A Review on the Stability, Sustainability, Storage and Rejuvenation of Aerobic Granular Sludge for Wastewater Treatment
Round 1
Reviewer 1 Report
Manuscript Title: A Review on Stability, Sustainability, Storage and Rejuvenation of Aerobic Granular Sludge for Wastewater Treatment
Manuscript Number: water-2211847-peer-review-v1
In this article, the authors have addressed the latest advances concerning the granulation process of waste sludge. The formation mechanism of aerobic granules, storage ways of aerobic granules, and operation factors affect the granulation process were comprehensively reviewed. Discussion on the main challenge of aerobic granular technology which is represented by the slow formation and the long time needed for granulation has successfully done. Also research gap and the additional research is required to advance the aerobic granular technology were well discussed.
The writing is well-tailored, and the explanations are often reasonable. However, sometimes, at some points, the submitted research leaves something to be desired Nevertheless, the presented manuscript could be recommended for publication after a major revision and amendments following these next comments:
Comment #1: the authors need to discuss the removal mechanisms/pathways of phosphorus, ammonia, nitrate, and nitrite by the formed granules.
Comment #2: in section 2, aerobic granulation process, the authors mentioned about simultaneous removal of nitrates, nitrites, phosphorus, and ammonia within one reactor because, within a single granule, electron donors and acceptors diffuse, creating different redox conditions. But also, the authors should discus the reasons behind the elevated nitrate concentration during the operation of aerobic sequencing batch reactors and the solutions needed to efficiently treat nitrate in the aerobic granular systems.
Comment #3: we recommend the authors to discuss the chemical compositions of the formed granules based on the used techniques in the literature such as energy dispersive spectroscopy.
Comment #4: in our point of view, the main challenge facing the application of aerobic granular technology is the start up time or the long time needed for full granulation. The authors have discussed the storage of the formed granules and the possibility of reusing them to speed up the formation of aerobic granules. As the formation of aerobic granules is governed by the growth of bacteria, there were many attempts in the literature to accelerate the formation of aerobic granules by increasing bacterial growth via the addition of trace elements in operation systems such as Iron, Magnesium, or Copper nanoparticles. Therefore, the authors can open a section to discus the effect of additives on the formation of aerobic granules and bacterial growth and the following articles are important to be cited (Impact of nZVI on the formation of aerobic granules, bacterial growth and nutrient removal using aerobic sequencing batch reactor. Environmental technology & innovation 19 (2020) 100911). (A novel method to improve methane generation from waste sludge using iron nanoparticles coated with magnesium hydroxide. Renewable and Sustainable Energy Reviews 158 (2022)112192). (Optimization modeling of nFe0/Cu-PRB design for Cr (VI) removal from groundwater, International Journal of Environmental Science and Development 12 (3), 131-138. https://doi.org/10.18178/ijesd.2021.12.5.1330). (New insight for electricity amplification in microbial fuel cells (MFCs) applying magnesium hydroxide coated iron nanoparticles. Energy Conversion and Management 249 (2021) 114877). (The impact of iron bimetallic nanoparticles on bulk microbial growth in wastewater. Journal of Water Process Engineering 40 (2021) 101825.
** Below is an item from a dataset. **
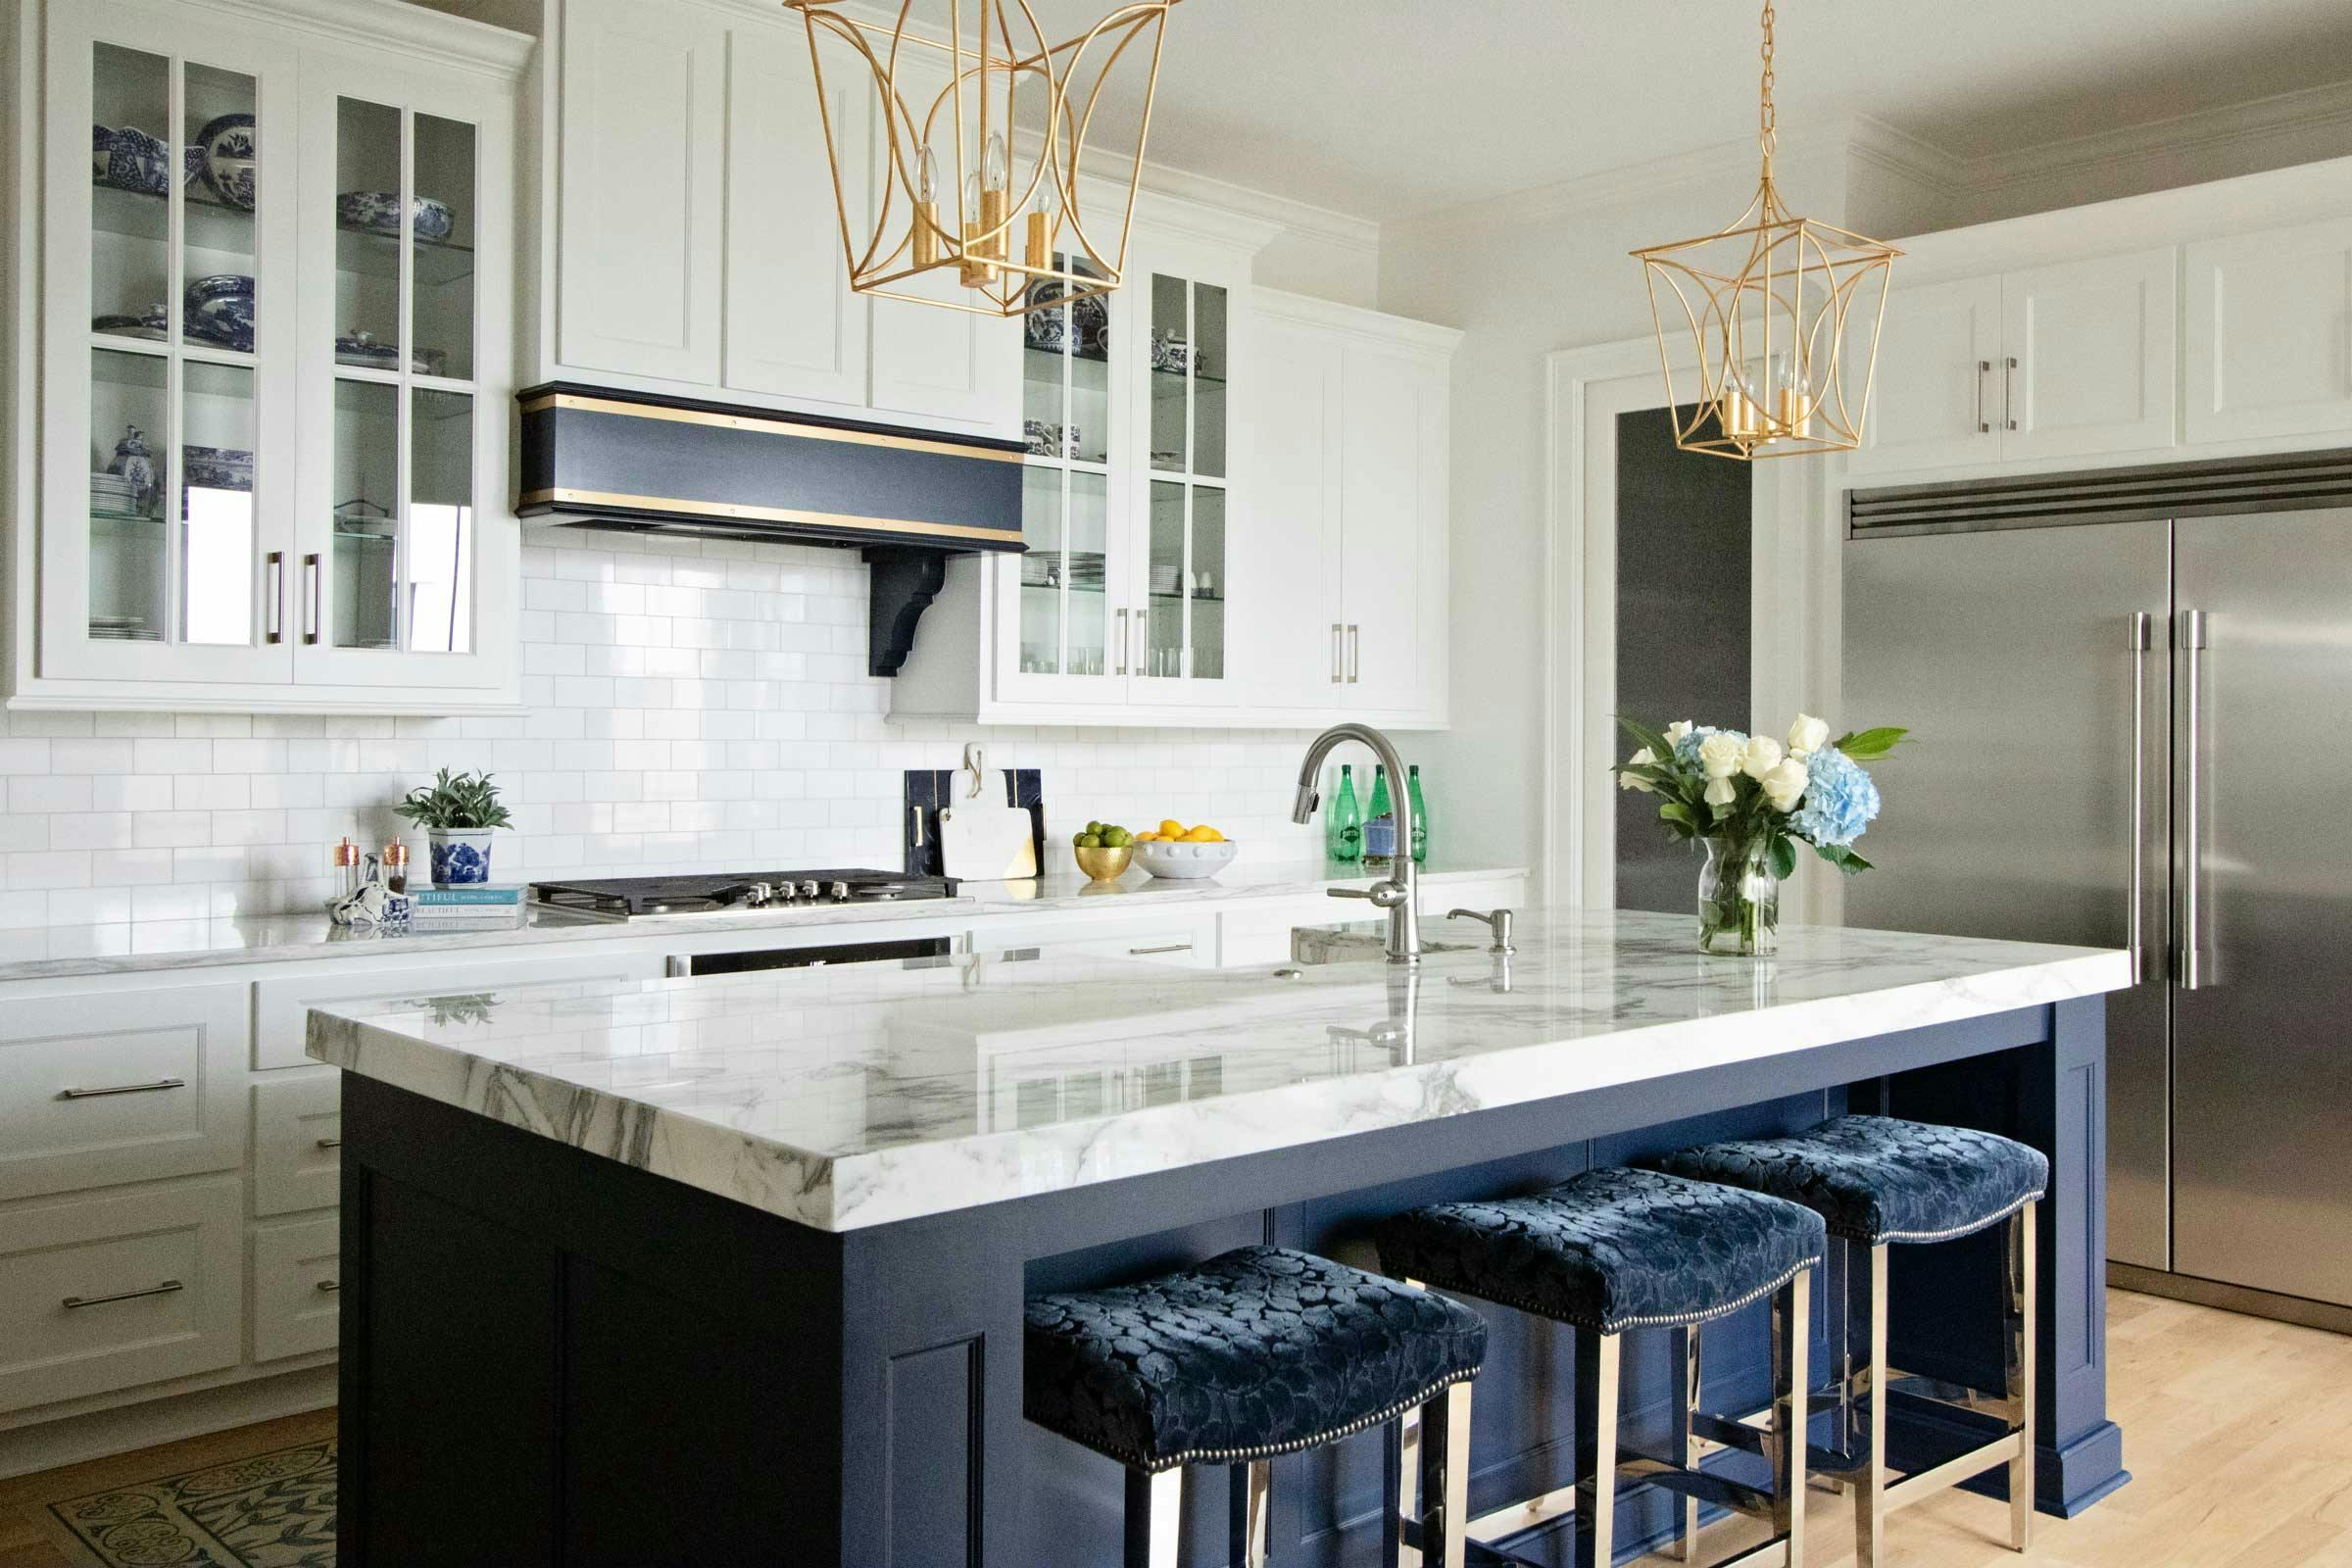 Beautiful modern kitchen interior design

Comment #5: discussion on resource recovery from aerobic granular sludge process during the treating of wastewater is recommended.
Comment #6: a comparison between the used granular technology for treating pollutants from water with other adsorbents is required in this review. The comparison shall include
the cost, performance, applicability of each method. The following articles are useful and could be cited as they investigated the removal of pollutants using different adsorbents. (Chloramphenicol removal from water by various precursors to enhance graphene oxide–iron nanocomposites. Journal of Water Process Engineering 50 (2022) 103289). (Statistical optimization of nZVI chemical synthesis approach towards P and NO3− removal from aqueous solutions: Cost-effectiveness & parametric effects. Chemosphere 312 (2023) 137176). (Insights into boron removal from water using Mg-Al-LDH: Reaction parameters optimization & 3D-RSM modeling, Journal of Water Process Engineering 46 (2022) 102608). (Optimization modeling of nFe0/Cu-PRB design for Cr (VI) removal from groundwater, International Journal of Environmental Science and Development 12 (3), 131-138. https://doi.org/10.18178/ijesd.2021.12.5.1330).
Comment #7: Conclusions should be enhanced to cover all the study’s aspects and to highlight the novelty findings.
Comment #8: The author should consider revising the whole text formatting in the manuscript for any additional spacing, words capitalization, and unnecessary repetitions.
Comment #9: The used font type should be unified within the whole manuscript (starting with the title).
Comment #10: The use of English grammar still requires some work on the whole manuscript.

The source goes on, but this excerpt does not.